SST abstracts a lot away from us, as it will not only create our Lambda function but will also take care of creating an HTTP API Gateway and enabling CORS.

What we can see in the definition is, that we'll also

  • allow our functions to talk to the Bedrock service via additional permissions.

  • allow our functions to write to our DynamoDB tables that we have created beforehand. Providing constructs via bind to another construct will automatically provision the necessary permissions.

  • passing the OPENAI_API_KEY secret to our function. SST will take care of storing the secret securely in the parameter store (SSM) of the Systems Manager service. The value will be fetched from SSM by the Lambda function when the cold start happens. We don't need to take care of anything else here!

What we can also see: the referenced Lambda functions can be found at packages/functions/src. They do not contain all the code, but also shared/common code that can be used across all of our functions from packages/core.

This includes for example the logic to read from and write to DynamoDB tables.

A New Frontend Application with Next.JS

Our backend part is ready to go. But we don't have any frontend for it yet!

Let's change that by creating a new Next.JS application inside our packages folder via pnpm create next-app. As the application name, we'll simply choose app.

Once you have completed the wizard, we need to connect our frontend to SST so that we're able to get into the benefits of the live development mode. This is done by adapting the dev script to the following command: sst bind next dev.

If SST was started in another terminal tab via npx sst dev, starting our frontend via npm run dev will enable us to work with our local function code, even if we invoke the real HTTP API Gateway URLs.

Additionally, all the environment variables we've passed to our frontend, like the API Gateway URL and the API key, will be available immediately.

Let's have a look at our NextjsSite definition:

function createApp(stack: Stack, apiUrl: string, apiKey: string) {
  return new NextjsSite(stack, 'app', {
    path: 'packages/app',
    bind: [],
    environment: {
      NEXT_PUBLIC_API_URL: apiUrl,
      NEXT_PUBLIC_API_KEY: apiKey,
    },
    cdk: {
      distribution: {
        defaultBehavior: {
          viewerProtocolPolicy: ViewerProtocolPolicy.REDIRECT_TO_HTTPS,
          allowedMethods: AllowedMethods.ALLOW_ALL,
        },
      },
    },
  });
}

This is all we have to do to get a Next.JS site with supported server-side rendering via CloudFront, S3 and Lambda@Edge functions.

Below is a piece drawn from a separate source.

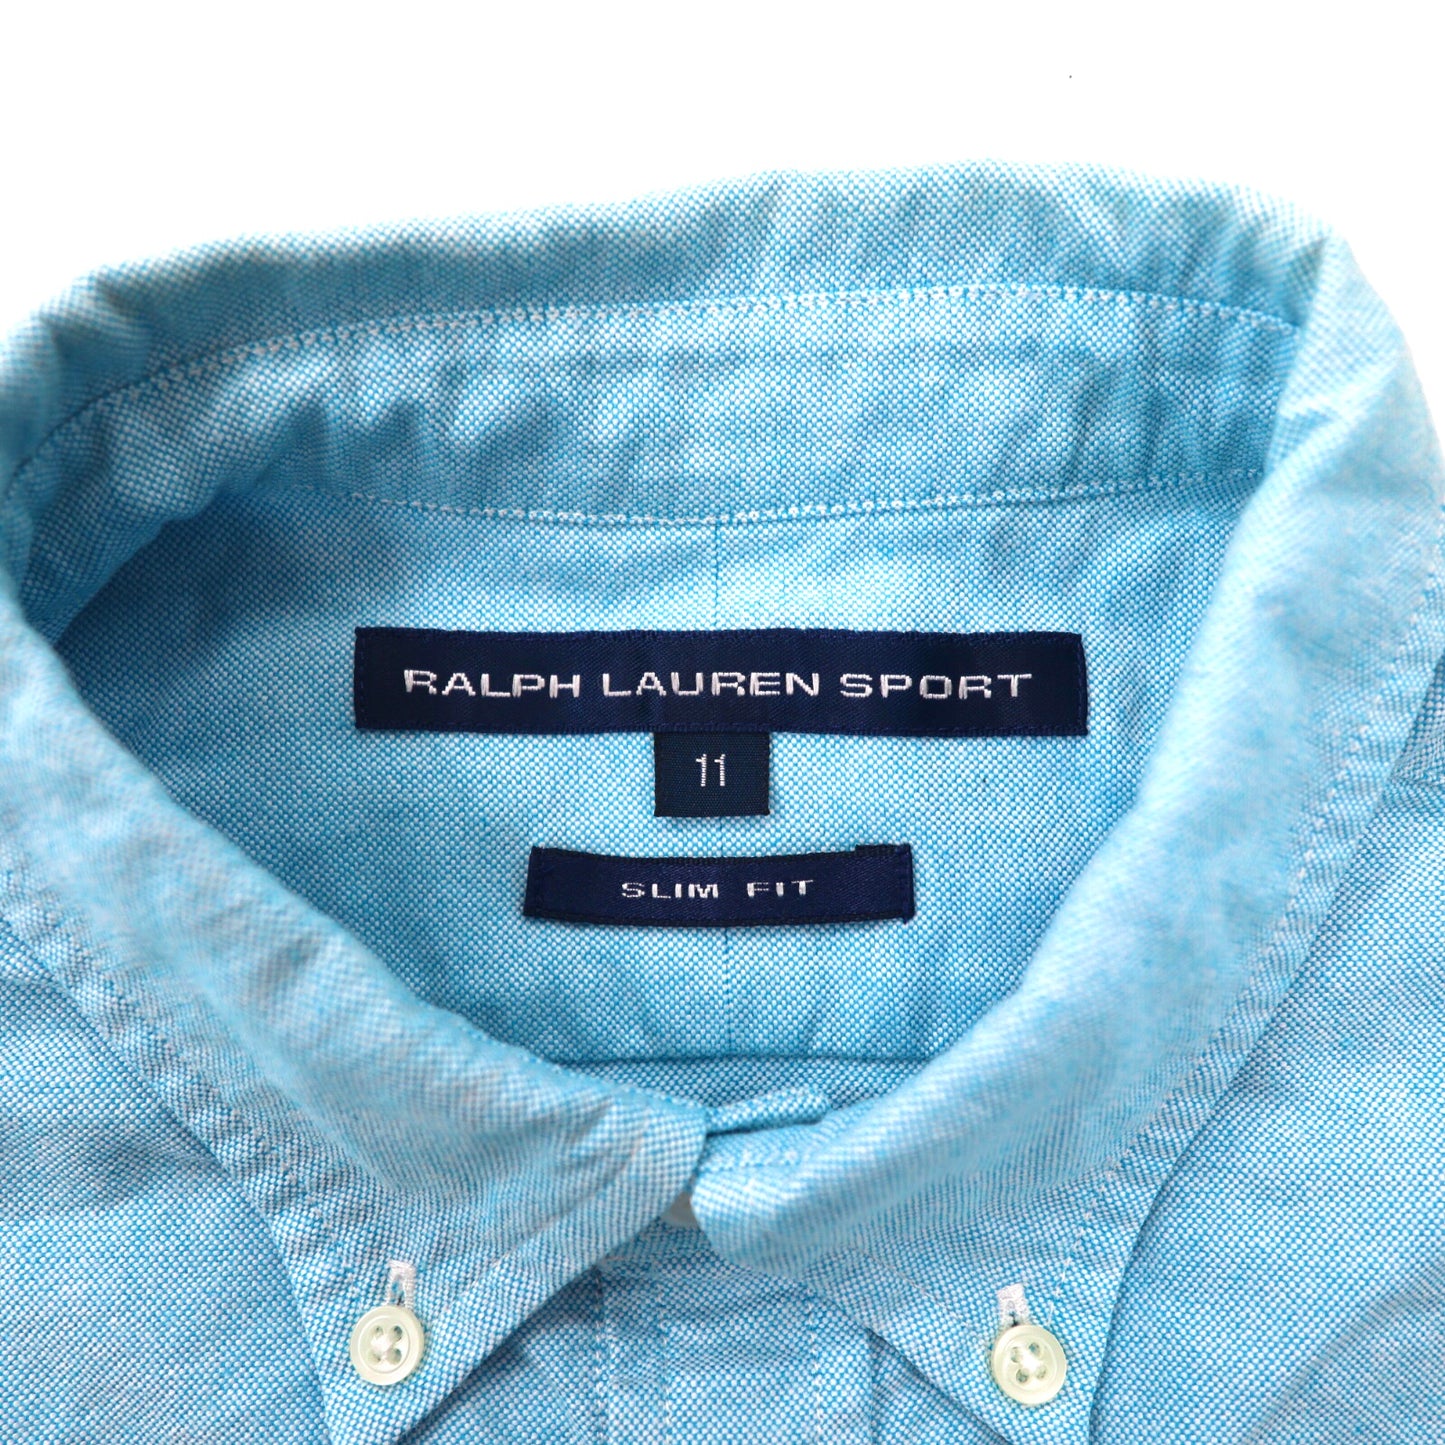 RALPH LAUREN SPORT ボタンダウンシャツ 11 ブルー コットン SLIM FIT スモールポニー刺繍

Integrating with Amazon Bedrock

Integrating Amazon Bedrock into our serverless chat application opens up sophisticated capabilities for handling natural language processing.

Let's see how we get access to Amazon Bedrock’s supported models, set up the necessary permissions for our AWS Lambda functions, and to use these models by submitting prompts.

Getting Access to Bedrock's Supported Models

As mentioned earlier, you must request access to Bedrock's supported models via its Model access overview page. Some models do not require you to provide us case details (e.g. Amazon Titan or the models by Mistral) and are approved immediately. Others require you to fill out what you actually want to use the model for (e.g. Claude from Anthropic).

Requesting access to different LLMs.

By clicking on Managed model access, you can check the necessary boxes for the models you want to use. For our example application, we'll work with the previously named models from Amazon, Mistral, and Anthropic. But feel free to request access to other models.

Once the request is granted, you'll see a green Access granted flag on the corresponding model.

Setting up Permissions for Our Functions

When we're working with Bedrock's models, we're solely charged for the usage that we generate. We don't have hourly costs just for requesting access to the models.

What we need to do so that our functions are able to access the Bedrock API is to set up the necessary IAM permissions. We've already seen this in our SST API definition previously, but let's do a quick recap:

We need:

  • bedrock:ListFoundationModels to list the available models and

  • bedrock:InvokeModel to actually submit prompts to a specific model

When we look into our function code that submits the prompts, we can see that we need slightly different payloads for the different models.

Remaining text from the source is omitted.